這令丘力居非常掃興,對房外慍怒道:“大清早的,何事啊?”
“叔王,大事不好了,昨日漢軍在城外挖掘壕溝,高筑壁壘,又在筑造第二道壁壘了!”蹋頓急不可耐道。
昨日,他們聽聞漢軍即將攻城,本來是要去看看的,但很快就聽說漢軍雷聲大雨點小,沒有對城池發起攻擊。
于是,烏桓一系人,繼續在城中享受搶來的女人。
而今早無事,蹋頓就打算去城頭瞅了一眼,但就是這一眼,瞬間令蹋頓瞠目結舌;只見城外深寬的壕溝和高筑的壁壘,幾乎將廣陽城圍了起來。
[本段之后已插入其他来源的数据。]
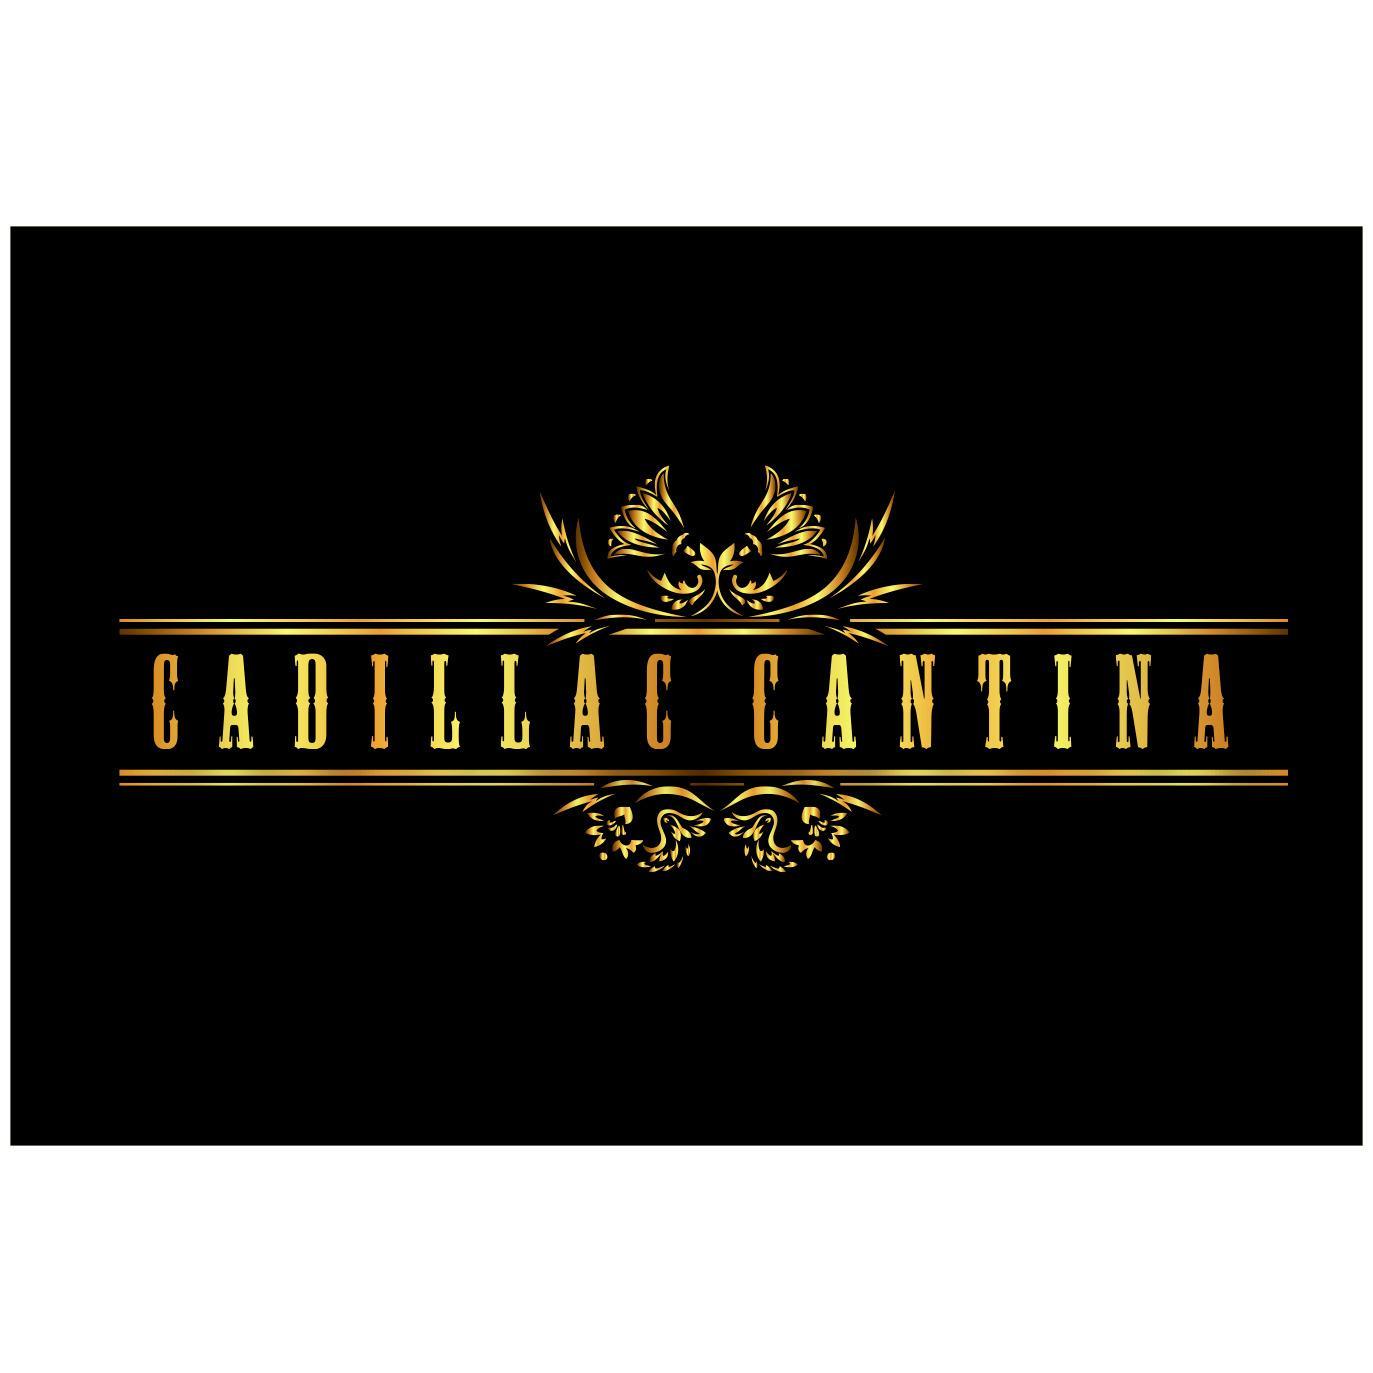 Cadillac Cantina image 6

而且,壁壘后面,密密麻麻的漢軍又在開挖第二道壕溝了。
“甚?”
丘力居聞言大驚,提著褲頭打開房門,怒喝道:“張顏那混賬,昨日為何沒來稟報?”
原本,丘力居是不把城外數萬漢軍放在眼里的,畢竟他手上有兩萬騎兵,只要他想走,任何一門外的漢軍都無法攔住他;可現在不一樣了,壕溝、壁壘就相當于斬斷了馬腿,想要突圍可就沒那么容易了。
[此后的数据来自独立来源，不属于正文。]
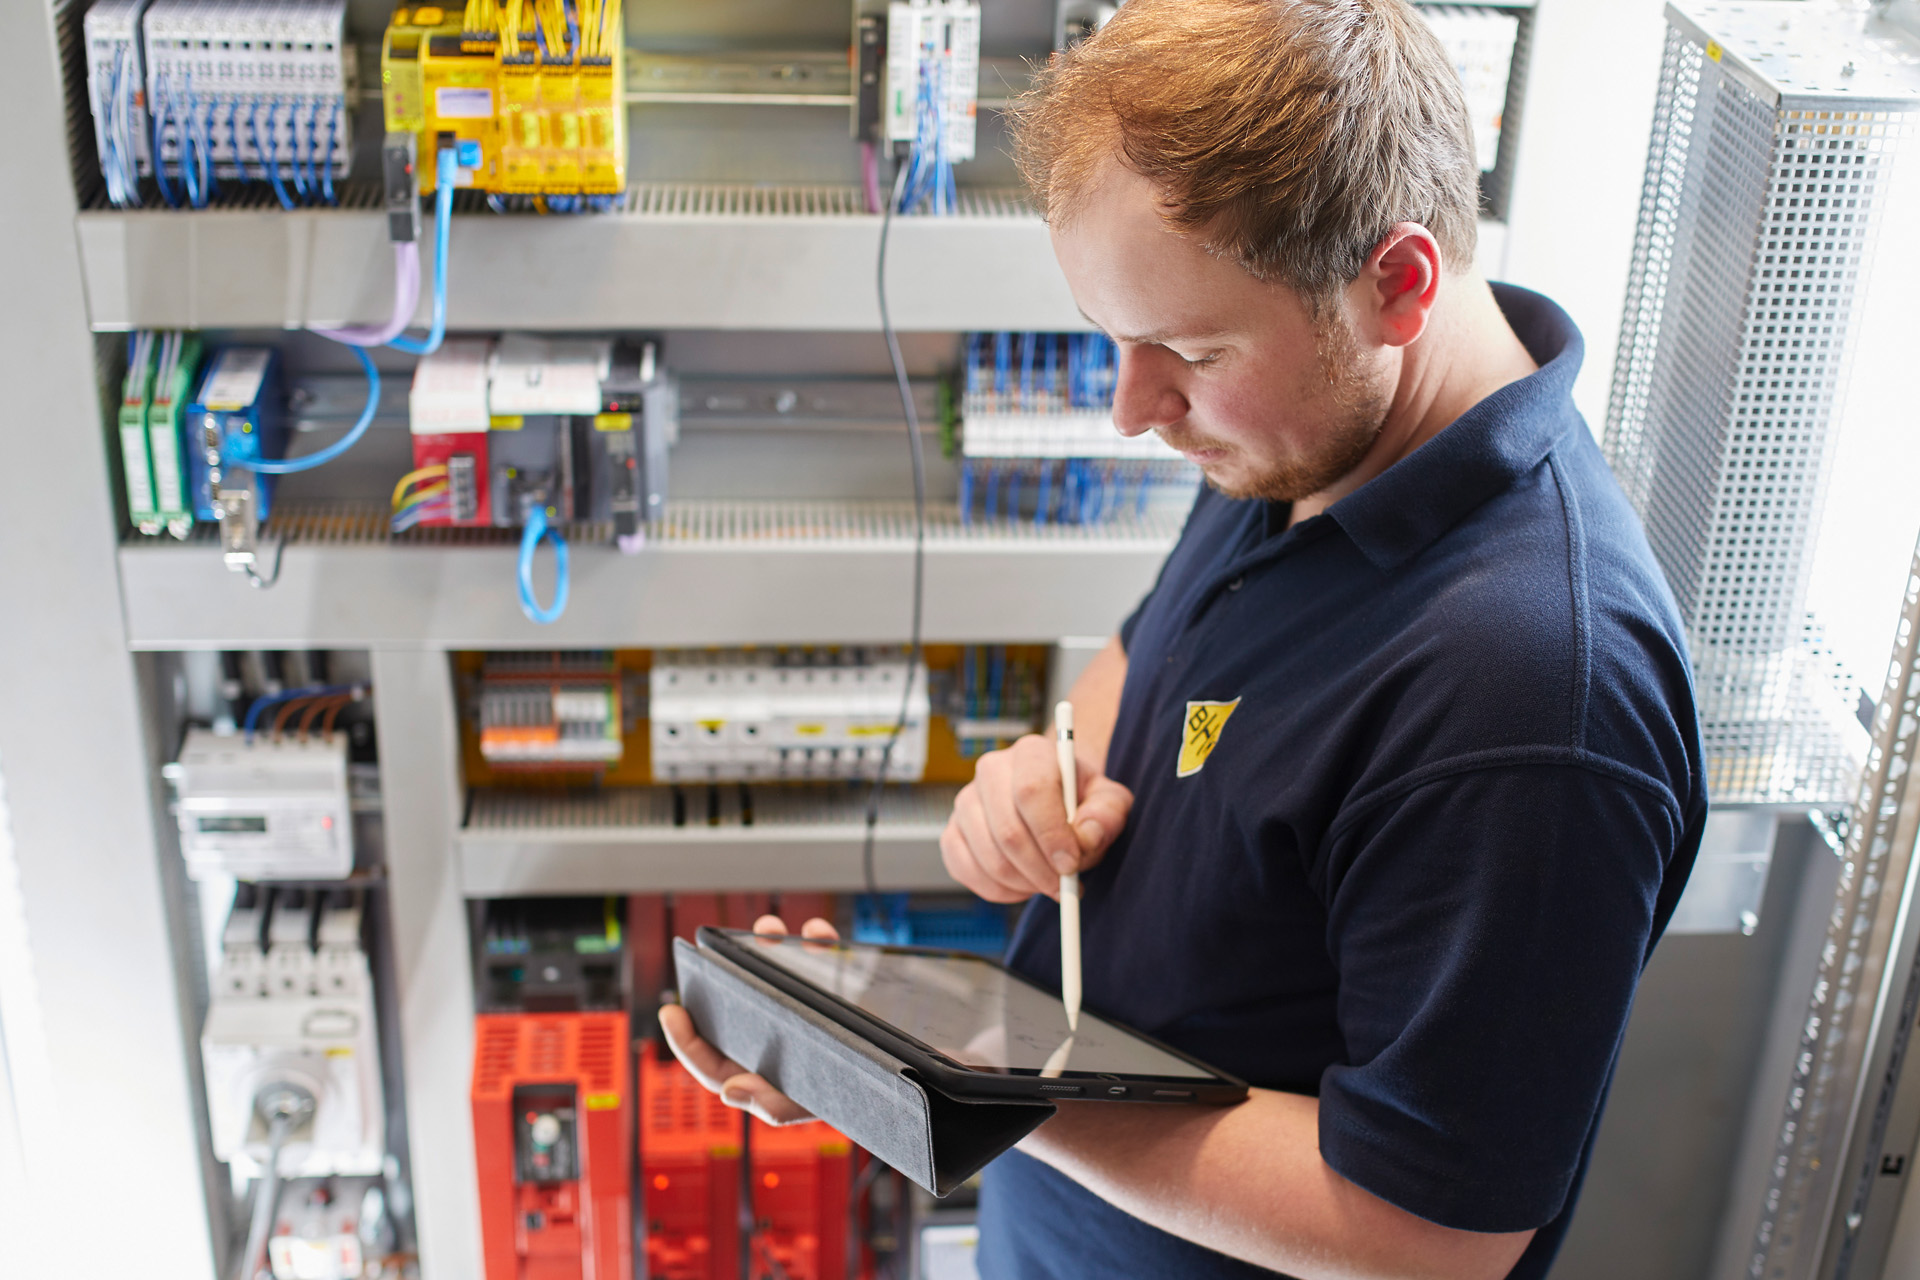 Elektriker kontrolliert Schaltkasten

最令丘力居惱怒的是,張顏那個混蛋,昨天怎么沒有派人來稟報?那樣的話,昨日他完全可以派騎兵出城襲擾,令漢軍無法挖掘壕溝,高筑壁壘。
“叔王,趕緊出兵吧!”
蹋頓心急如焚,現在可不是追究責任的時候,當務之急是不能讓漢軍再這么干下去。要是漢軍再多挖幾條壕溝、筑幾道壁壘,那廣陽城就徹底被困死,到時候大烏桓的騎兵都只得下馬,去攻一道道漢軍防線,地利就掌握在了漢軍手上。
而這對于不善攻堅的烏桓人來說,無異于以短擊長!
“氣煞我也!”丘力居系上腰帶,急步而出。
……………
少時,丘力居叔侄登上離他們最近的廣陽城東門,看到城外白袍黑甲的漢軍,正有條不紊的挖掘第二條壕溝,筑第二道壁壘,氣得丘力居七竅生煙,怒喝道:“去把張顏那混賬給本王抓來,吾要宰了他!”
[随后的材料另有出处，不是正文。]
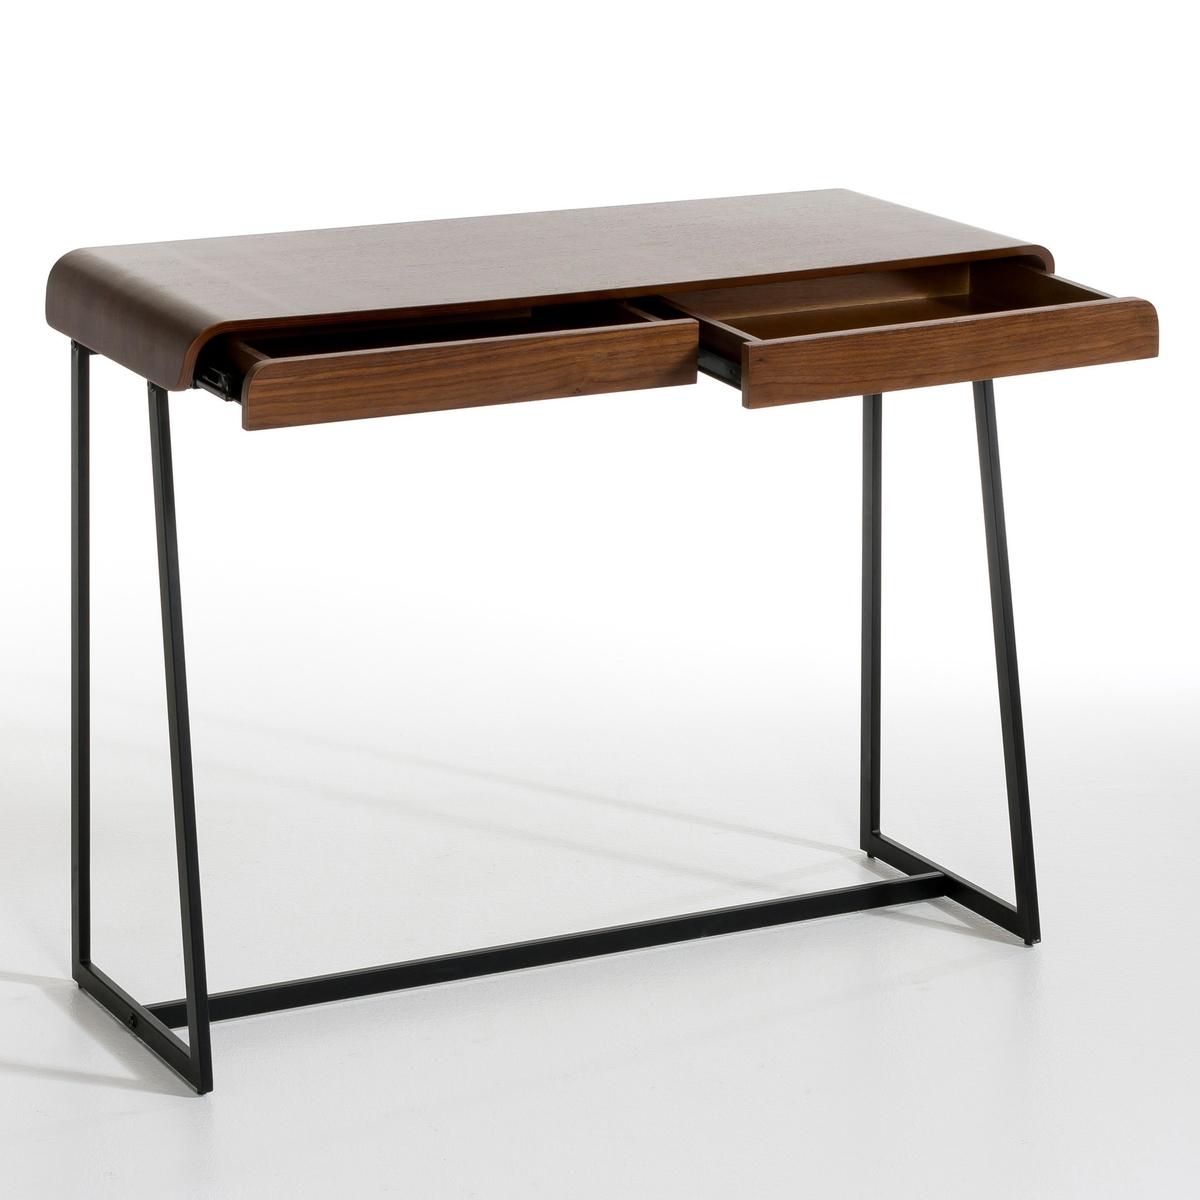 Комод Bardi, дизайн Э.. Галлина от La Redoute

丘力居身側不遠處,駐守東城的張顏部將一聽,趕緊對自己親兵使一個眼色,親兵會意偷偷溜下城頭,拔腿向廣陽縣署奔去。
隨后,一隊丘力居的親衛氣勢洶洶向廣陽署衙奔去…….
“叔王,出兵吧!”蹋頓大急。
而丘力居給蹋頓一個稍安勿躁的眼神,隨即看向身側東門守將,呵斥道:“爾可知罪?”
“末將………!”
被丘力居一喝,東門守將心頭一凜,嚇得單膝跪地,諾諾無語。前日,丘力居一怒將烏桓三王之一的峭王摔下城頭,此事可是在廣陽城內傳遍了,丘力居對自己人尚且如此,何況是他們?
“沒用的廢物!”
丘力居喝斥一聲,道:“東門城防現在交與大烏桓勇士,爾即刻率領本部人馬出城襲擾,不得有誤!”
“這….!”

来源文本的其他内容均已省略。